L’impulsion était donnée, et ce refus n’arrêta point les organisateurs de la grève. L’Union des chemins de fer, enivrée par le rapide développement qu’elle avait pris, avait hâte de faire l’épreuve de ses forces. Toutes les loges se montraient pleines d’ardeur : les agens de la ligne de Pittsburg, Pan-Handle et le Fort-Wayne, de la ligne du Michigan méridional, et de la ligne riveraine des lacs (Lake shore Railroad), avaient assuré les agens des grands réseaux de leur coopération. Les agens du réseau Ohio et Mississipi avaient fait savoir qu’ils seraient prêts aussitôt que la compagnie aurait terminé la paie mensuelle, c’est-à-dire pour le 21 juillet ou le 23 au plus tard. On était donc assuré de pouvoir arrêter, en deux ou trois jours au plus, tout le mouvement commercial de dix ou douze états, sur un territoire triple de celui de la France. Le succès parut certain ; l’ouverture de la grève demeura fixée au 16 juillet, et les instructions furent partout envoyées dans ce sens. Le plus profond mystère avait couvert les démarches et les délibérations des loges : le secret des résolutions prises fut gardé avec une discrétion merveilleuse. Un incident qui aurait pu mettre les compagnies en éveil passa inaperçu. Le 30 juin, l’un des organisateurs de l’Union des chemins de fer, Barney Donahue, se présenta avec quelques autres délégués des chauffeurs et des gardes-freins de l’Erié chez le directeur de l’exploitation, dans le but de réclamer contre la réduction annoncée pour le 15 juillet.
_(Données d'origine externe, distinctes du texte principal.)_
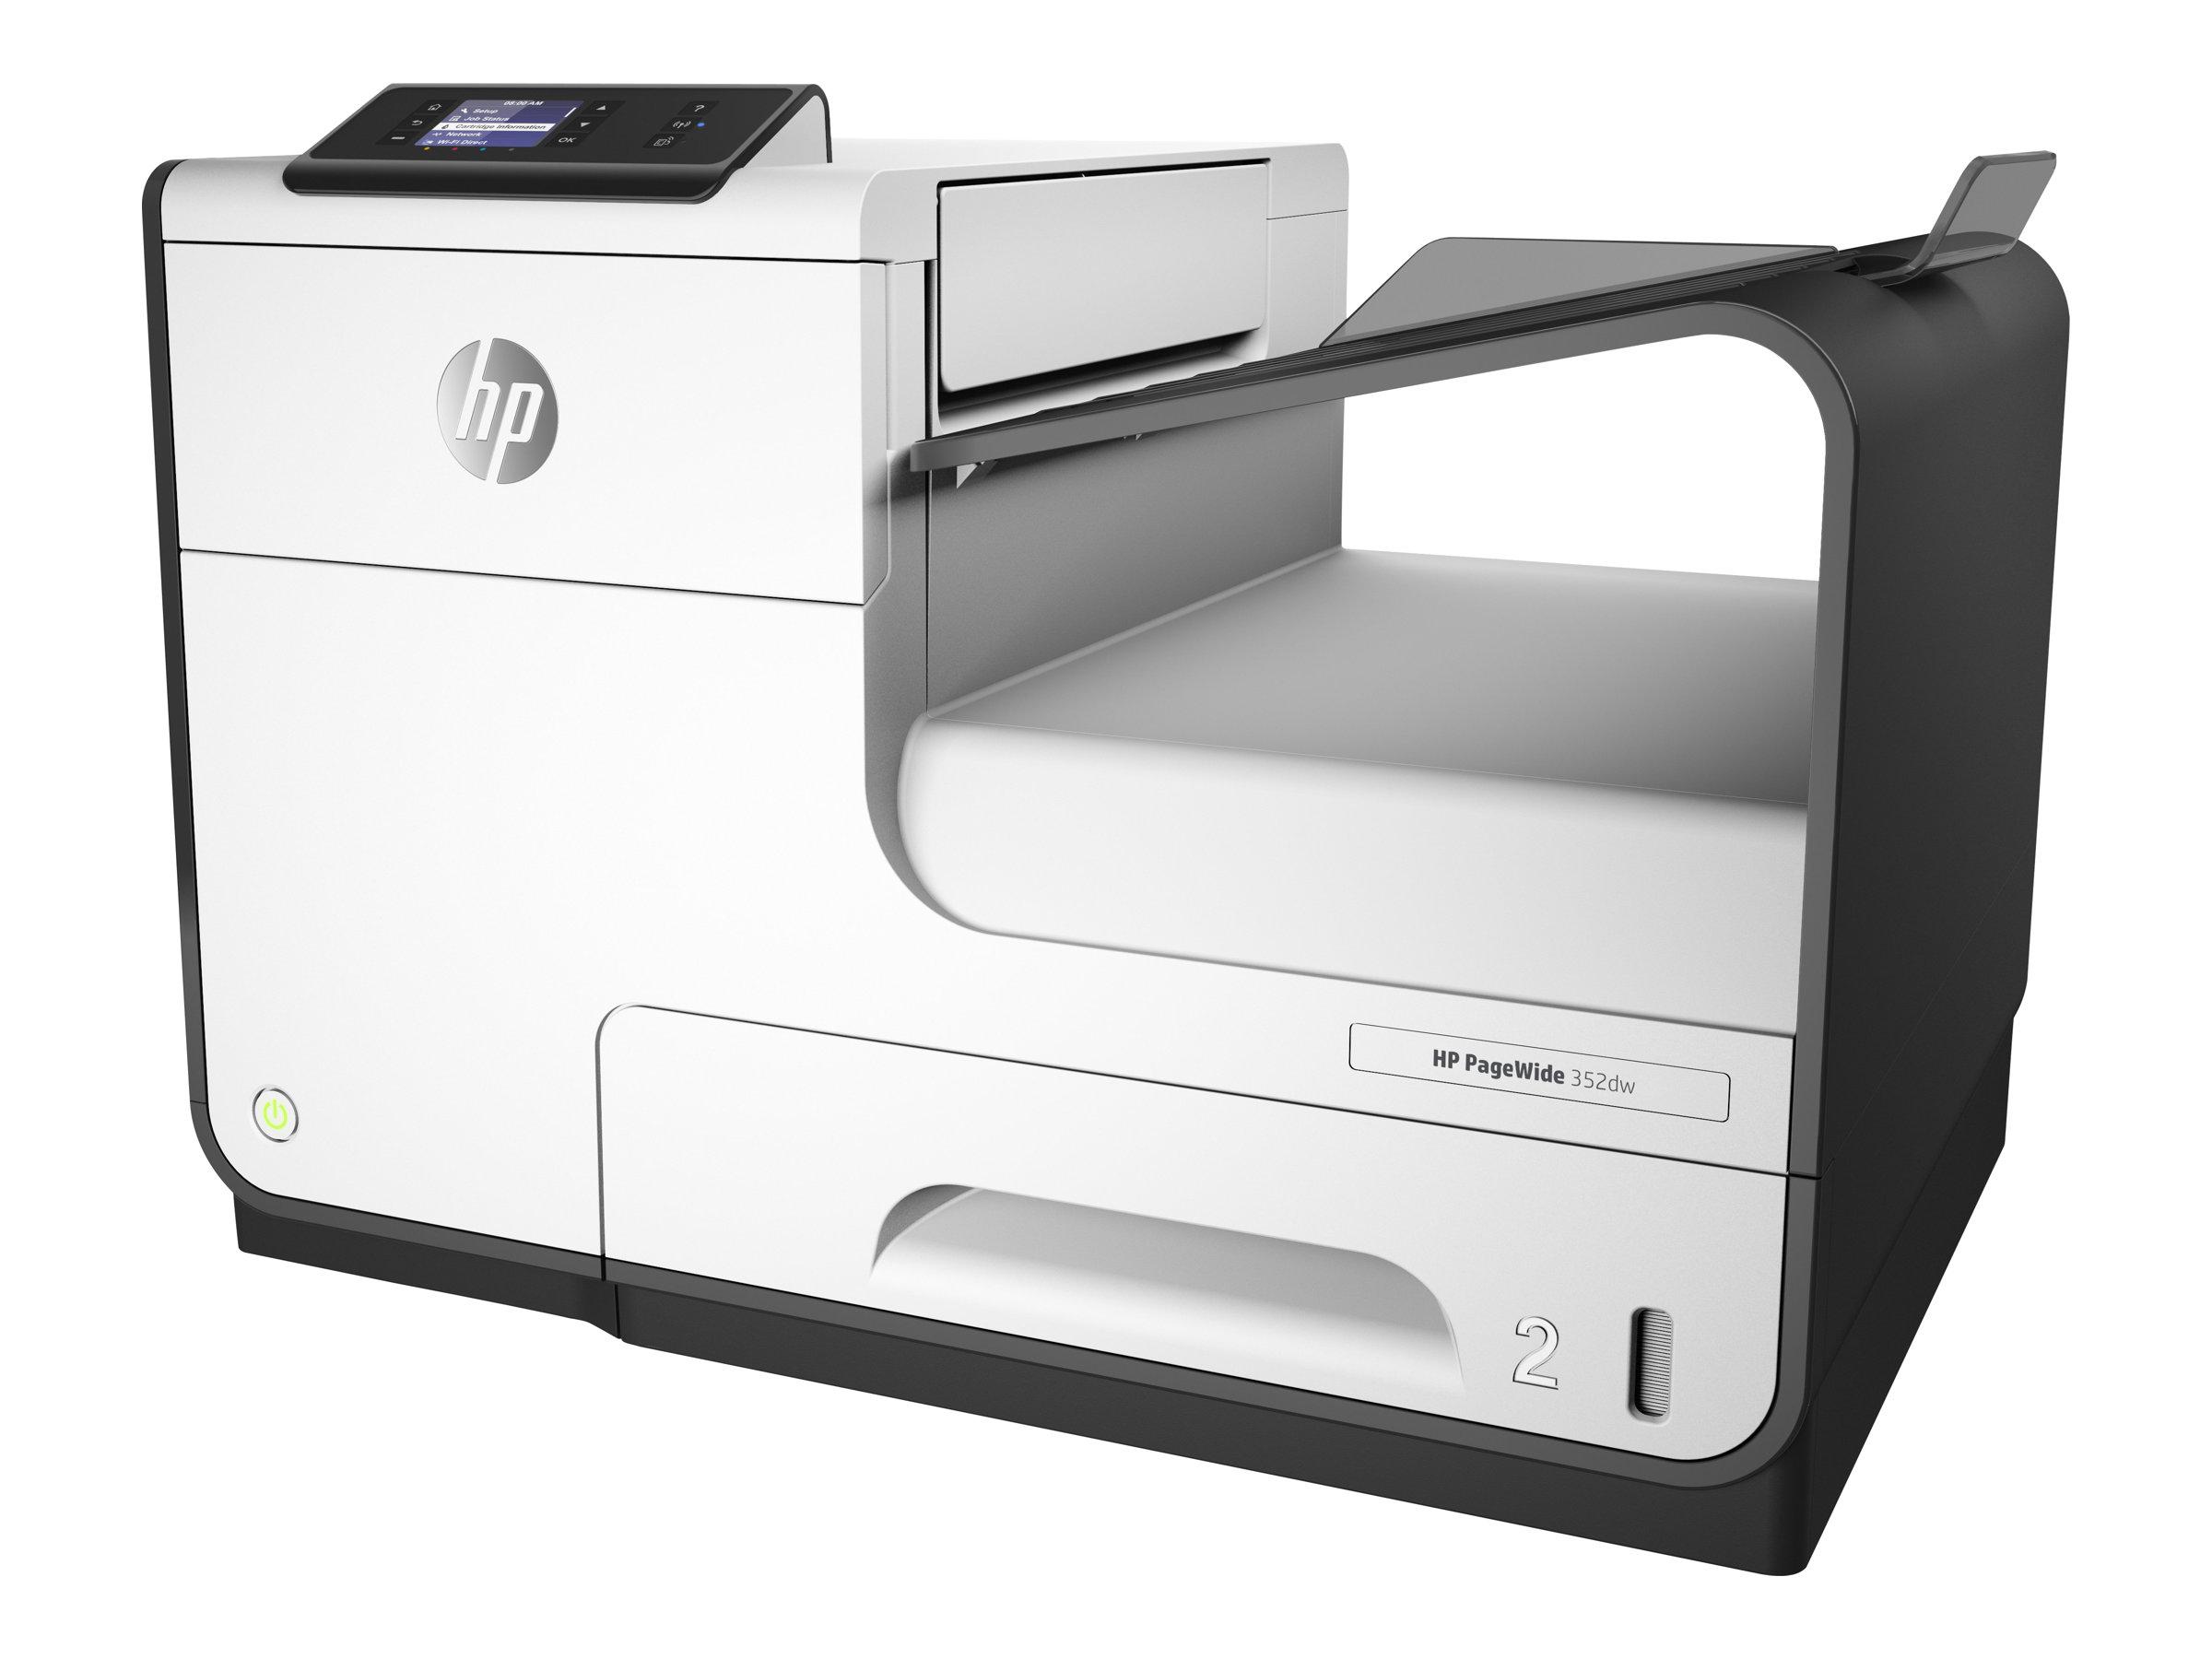 HP PageWide 352dw - Drucker - Farbe
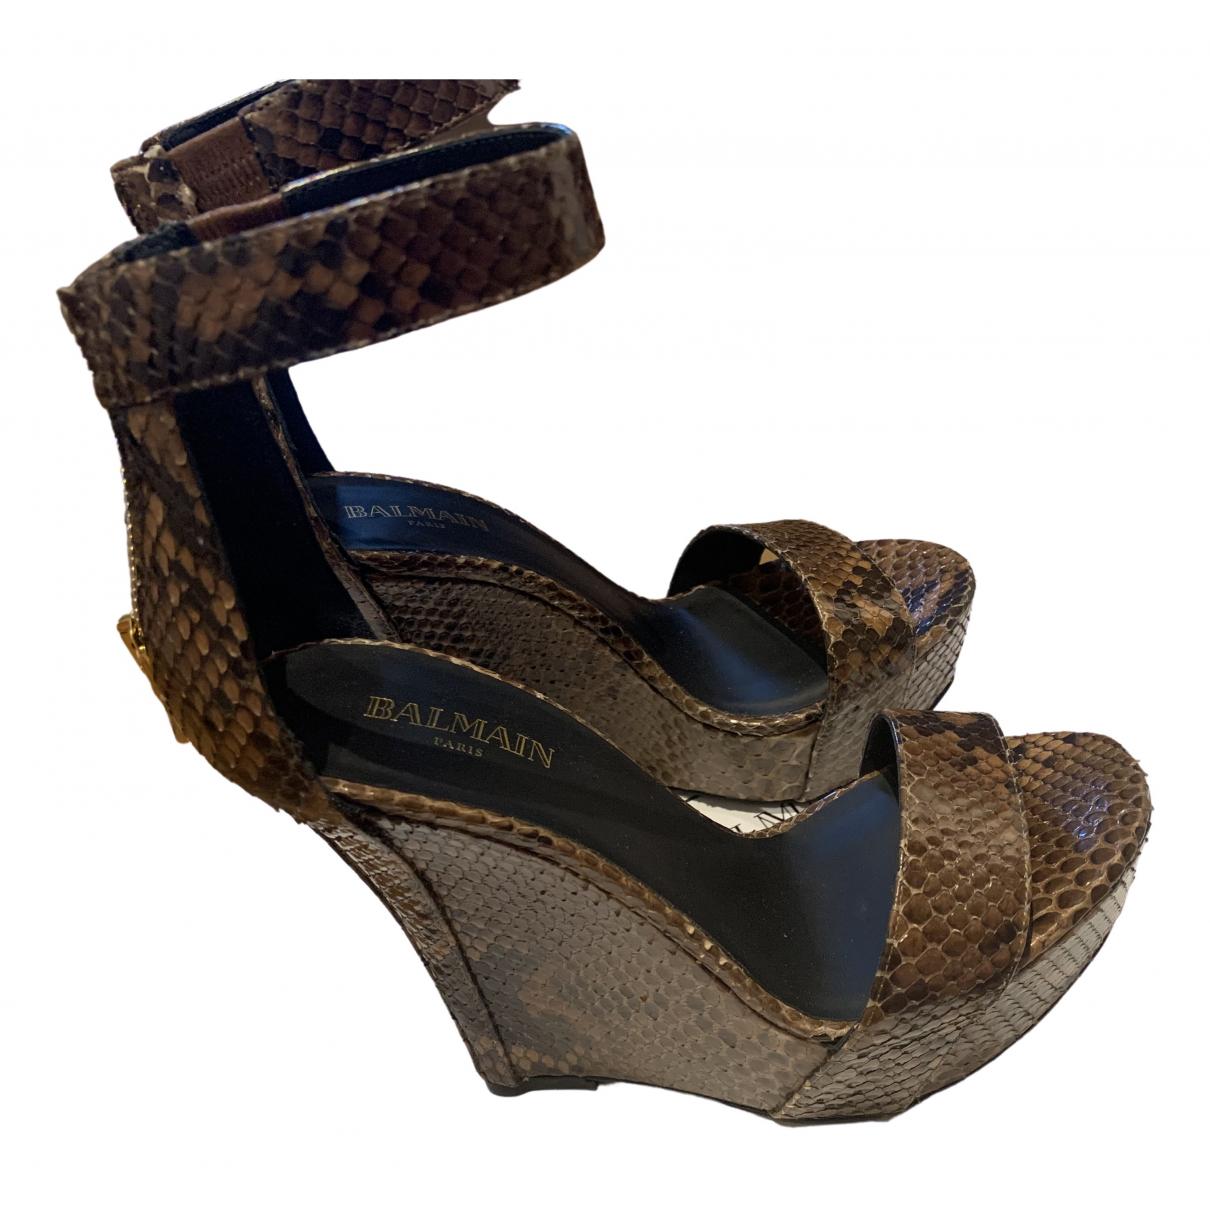 Sandalias de Piton Balmain

La réclamation fut repoussée. Prenant alors la parole, Donahue déclara, en présence de l’ingénieur en chef, qu’une grève était inévitable, et que, si la compagnie poussait les agens à bout par son obstination, les voies seraient détruites et Les gares incendiées. Cette menace, considérée comme une vaine fanfaronnade, ne fut pas prise au sérieux : avant qu’un mois se fût écoulé, des propriétés d’une valeur de 200 millions avaient été détruites par les flammes.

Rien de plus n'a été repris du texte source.